● **MATERIAL SUPPLIED**
* * * * *

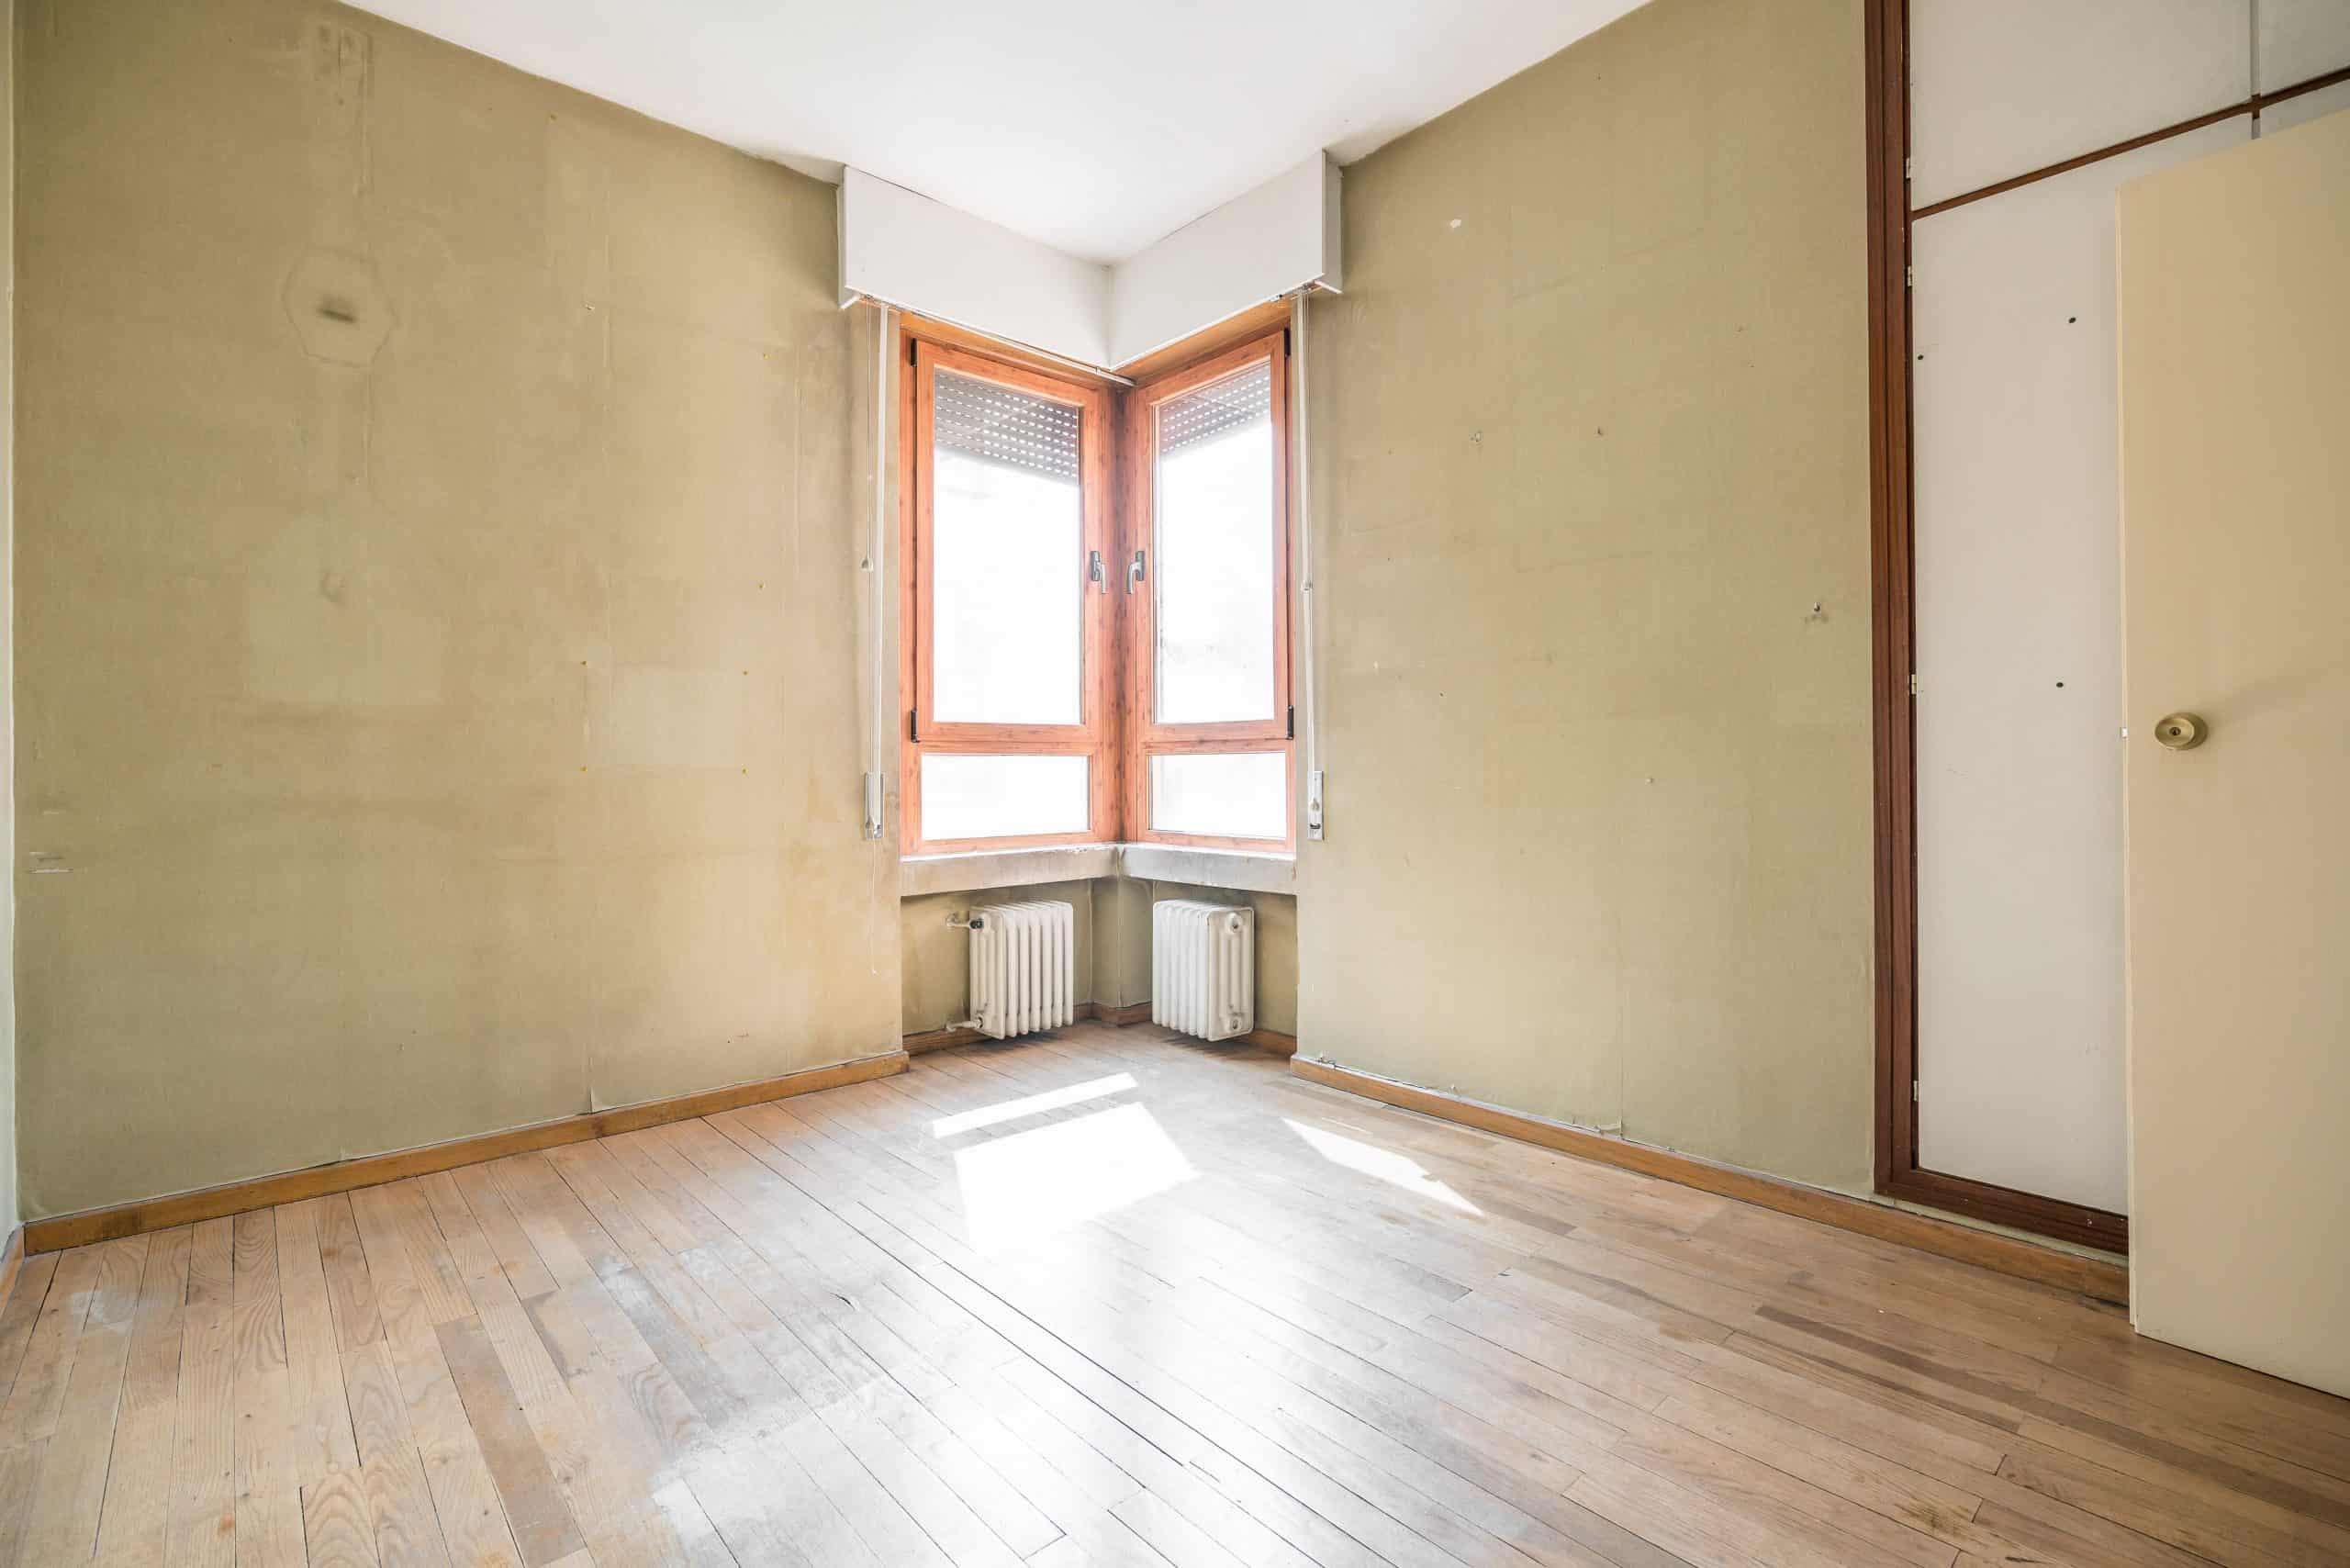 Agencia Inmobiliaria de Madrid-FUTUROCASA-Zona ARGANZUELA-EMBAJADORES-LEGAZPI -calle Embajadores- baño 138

* * * * *

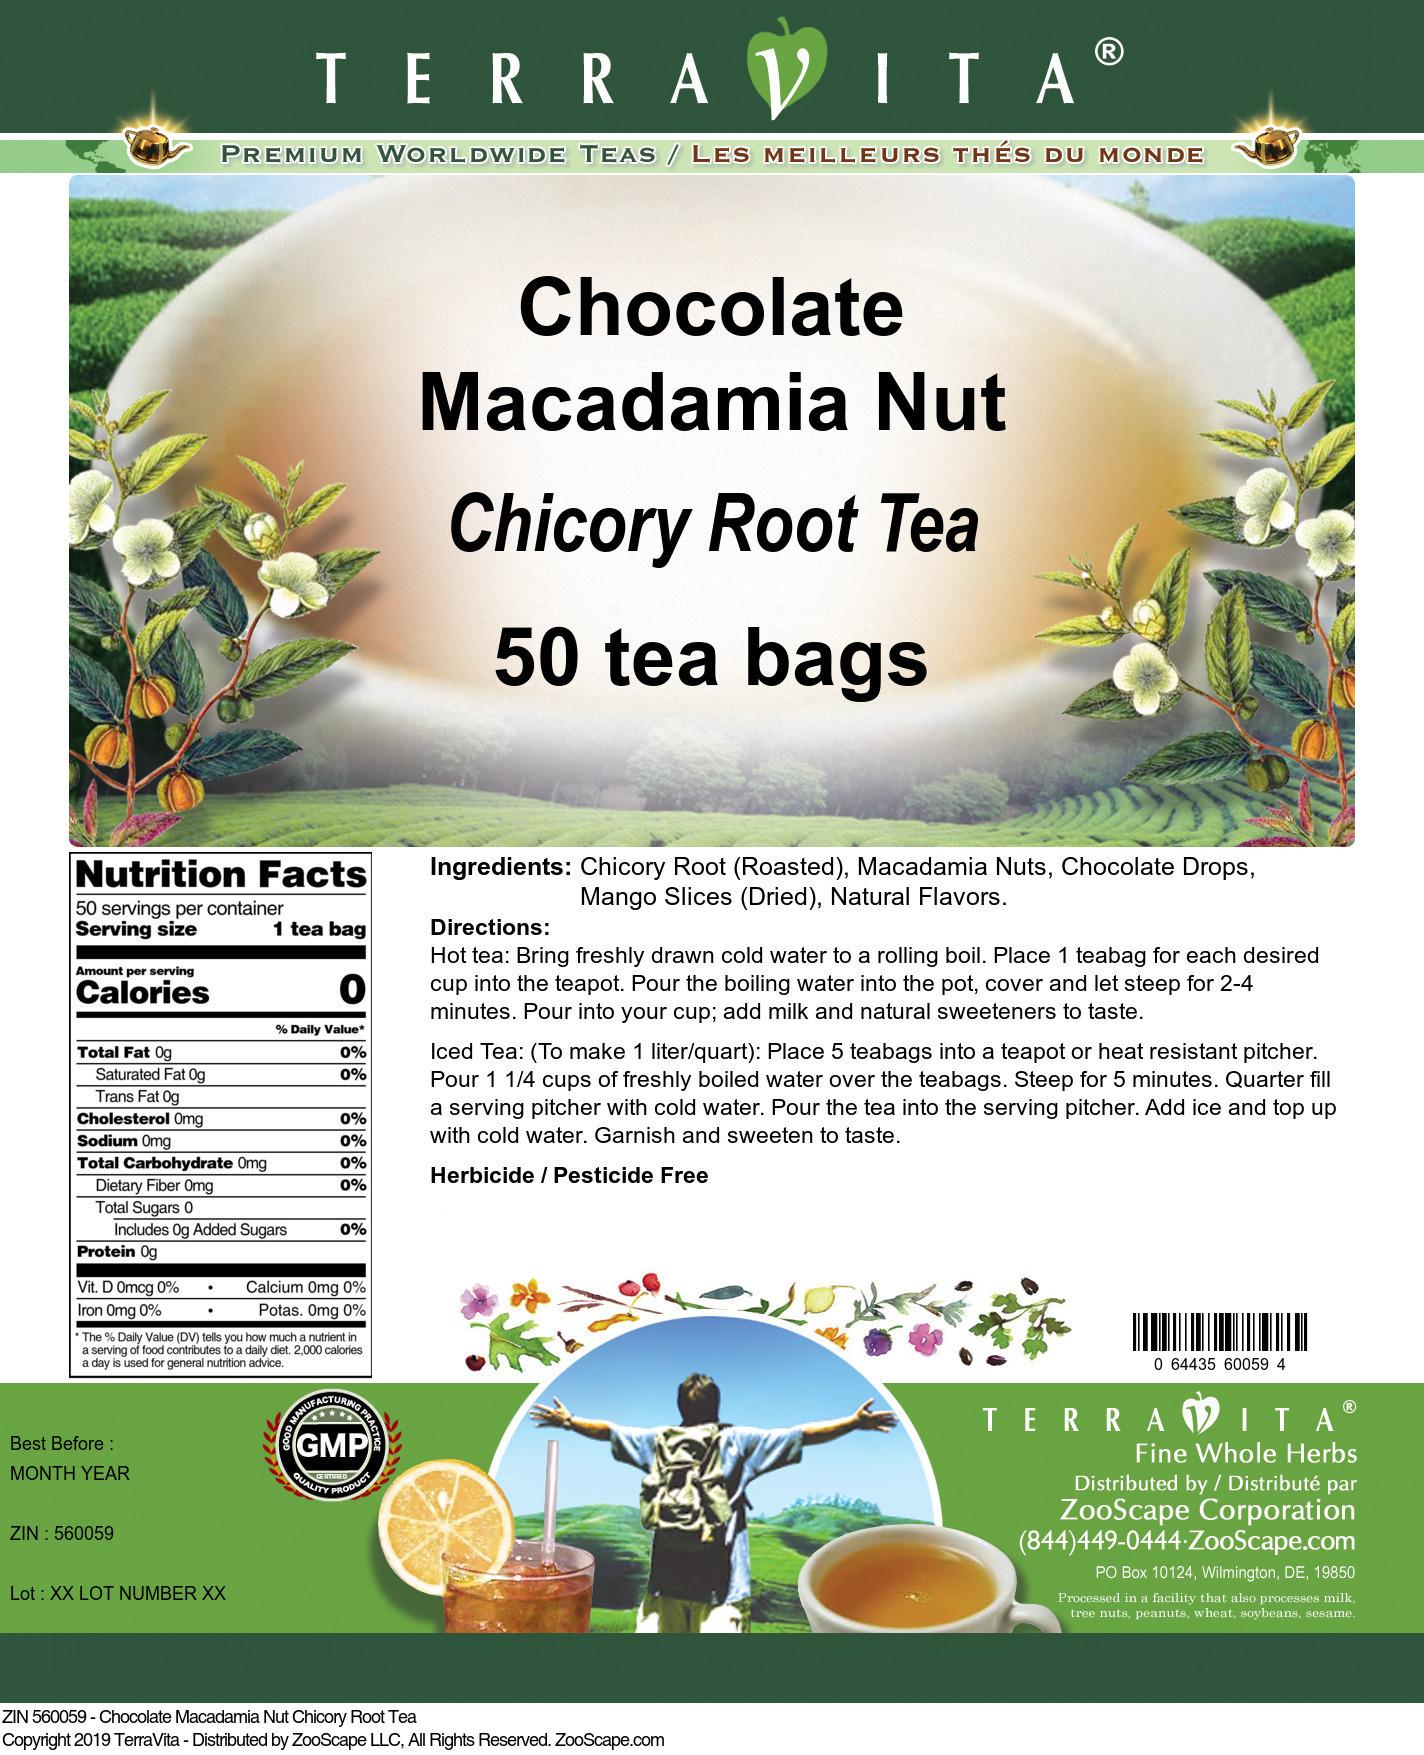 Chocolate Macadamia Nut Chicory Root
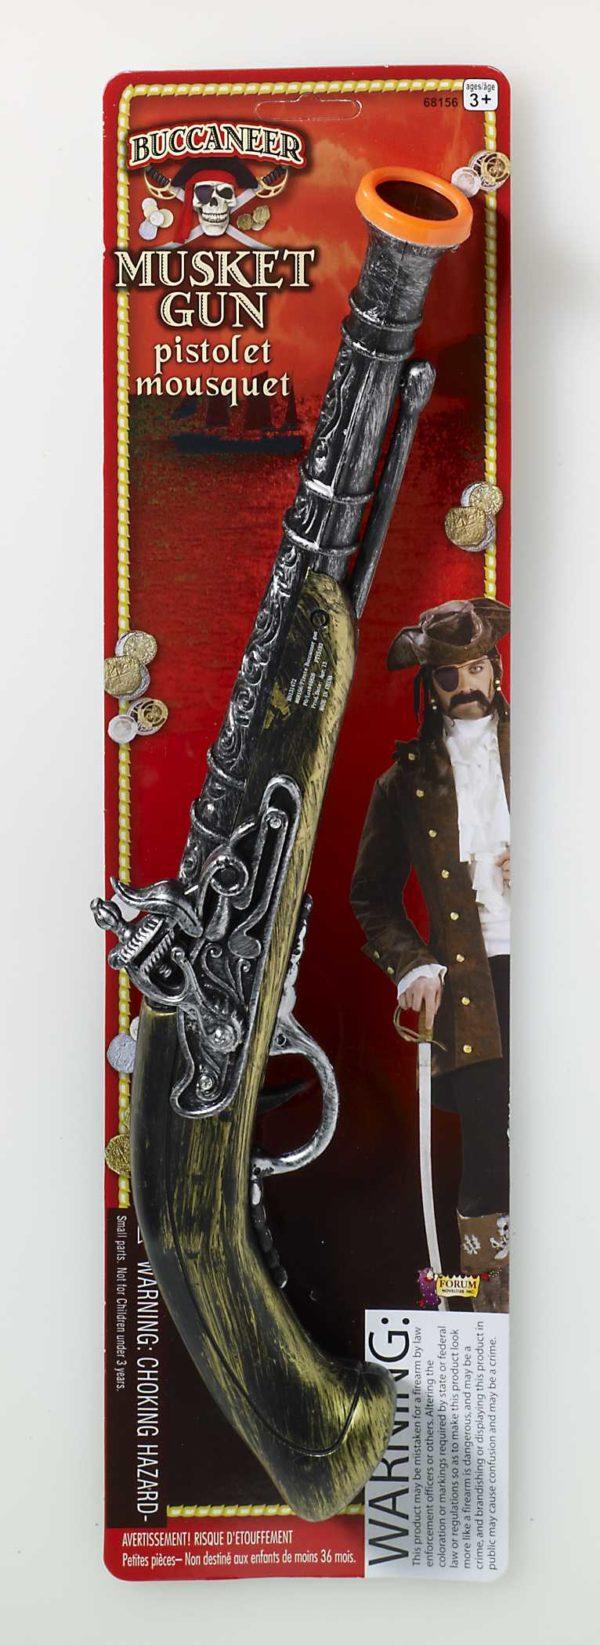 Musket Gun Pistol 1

* * * * *

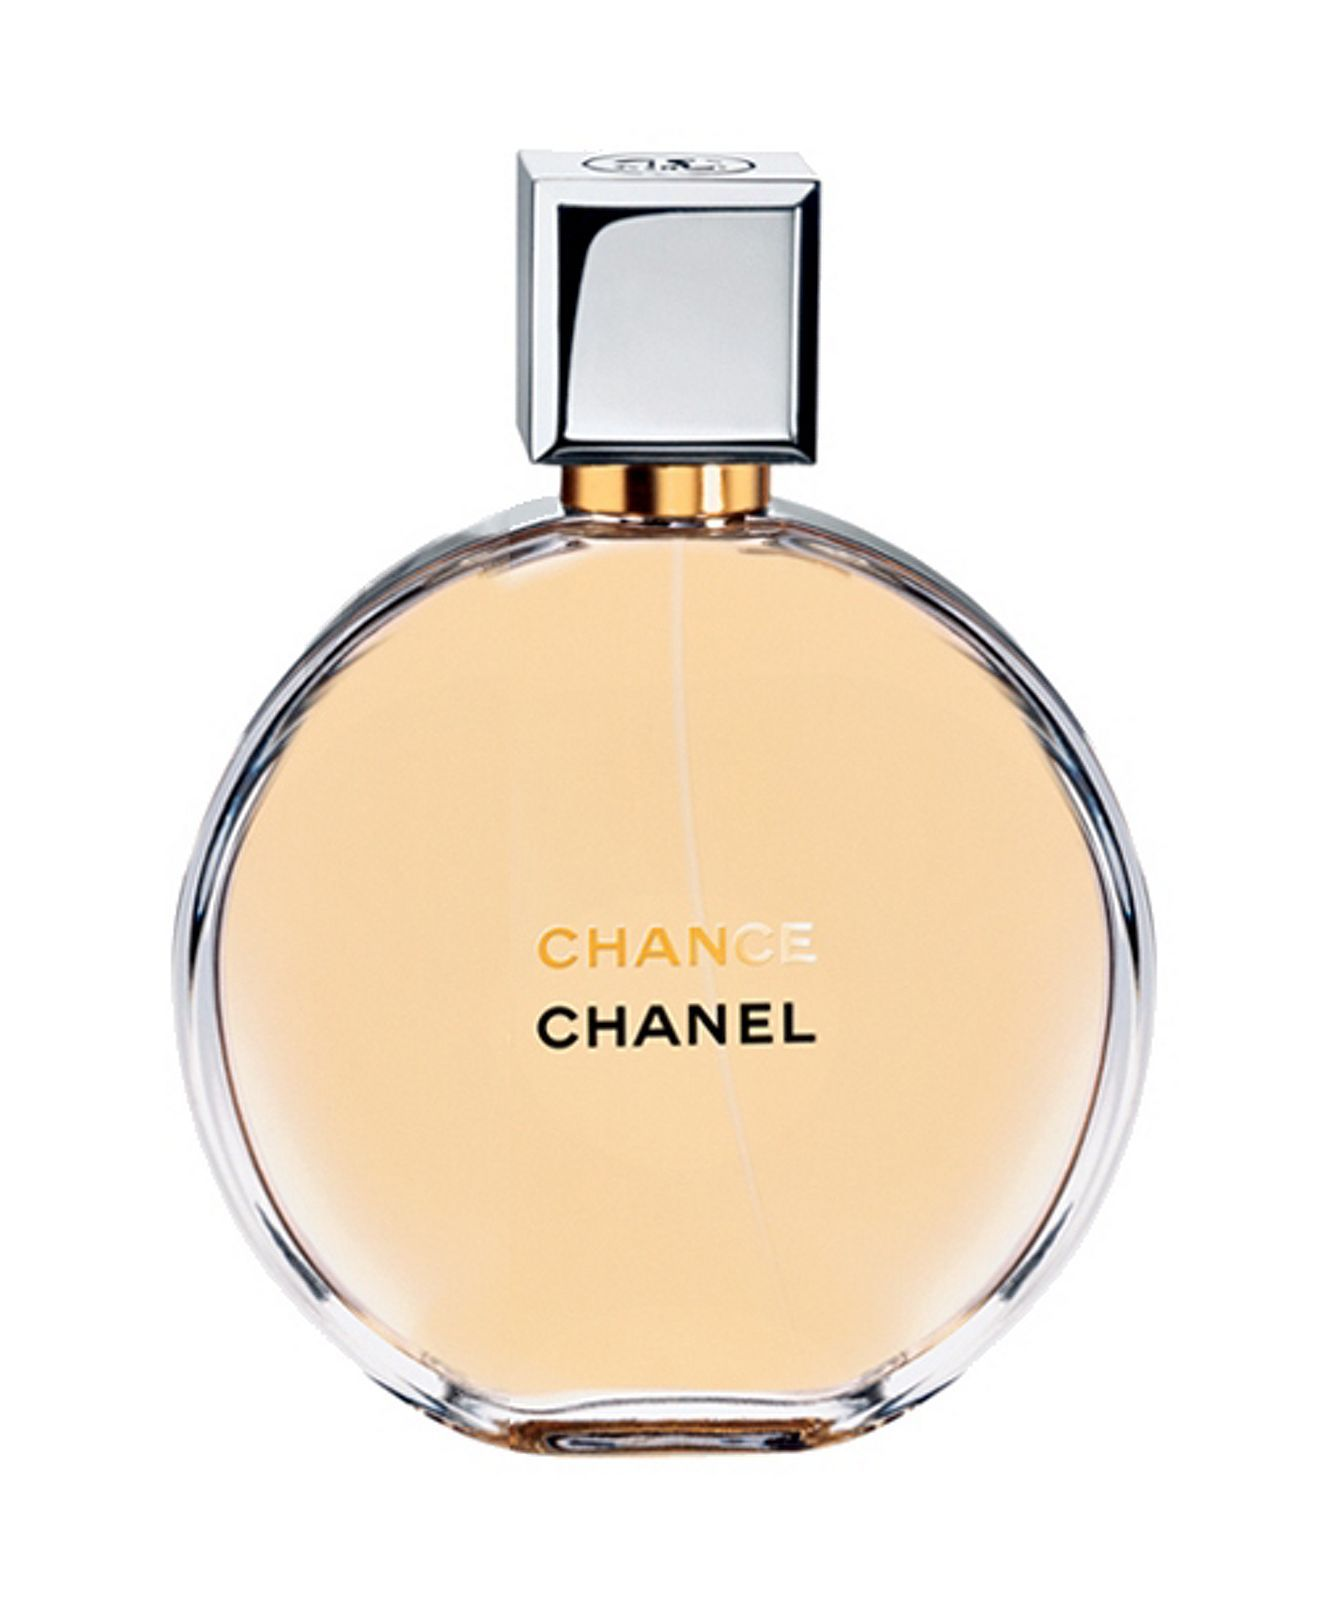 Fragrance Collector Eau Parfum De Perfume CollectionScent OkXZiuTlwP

* * * * *

● **ABOUT THIS TASK**
Lines wanted from the entries above: the one with "Chocolate Macadamia Nut Chicory Root", the one with "Musket Gun Pistol 1", and all lines between. Please copy them exactly, without the pictures and without anything else.

● **RESPONSE TO THIS TASK**
 Chocolate Macadamia Nut Chicory Root
 Musket Gun Pistol 1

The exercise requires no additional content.